WORK INSTRUCTIONS:
Only the lines from the one containing "Calendar 2024 India" through the one containing "Taylor Swift Rumor Takes Off Online" should be printed, exactly as they appear below, with both ends included.

SUPPLIED RECORDS START

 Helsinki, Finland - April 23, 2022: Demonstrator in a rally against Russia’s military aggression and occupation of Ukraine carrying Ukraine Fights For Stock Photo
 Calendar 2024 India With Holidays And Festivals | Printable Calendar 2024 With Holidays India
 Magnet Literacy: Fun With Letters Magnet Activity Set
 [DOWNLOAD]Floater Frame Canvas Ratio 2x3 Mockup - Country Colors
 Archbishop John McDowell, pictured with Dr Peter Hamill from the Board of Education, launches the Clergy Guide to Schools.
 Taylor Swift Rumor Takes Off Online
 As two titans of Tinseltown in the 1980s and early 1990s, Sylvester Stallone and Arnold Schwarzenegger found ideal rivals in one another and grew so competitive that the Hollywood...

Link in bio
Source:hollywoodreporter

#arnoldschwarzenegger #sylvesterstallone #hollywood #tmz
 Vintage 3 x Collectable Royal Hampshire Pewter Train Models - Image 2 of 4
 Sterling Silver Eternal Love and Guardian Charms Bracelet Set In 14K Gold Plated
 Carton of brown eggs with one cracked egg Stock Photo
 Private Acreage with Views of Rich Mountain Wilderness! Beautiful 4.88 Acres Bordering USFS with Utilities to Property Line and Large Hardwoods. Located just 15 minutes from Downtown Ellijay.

SUPPLIED RECORDS END

SOLUTION TO THIS PROBLEM:
 Calendar 2024 India With Holidays And Festivals | Printable Calendar 2024 With Holidays India
 Magnet Literacy: Fun With Letters Magnet Activity Set
 [DOWNLOAD]Floater Frame Canvas Ratio 2x3 Mockup - Country Colors
 Archbishop John McDowell, pictured with Dr Peter Hamill from the Board of Education, launches the Clergy Guide to Schools.
 Taylor Swift Rumor Takes Off Online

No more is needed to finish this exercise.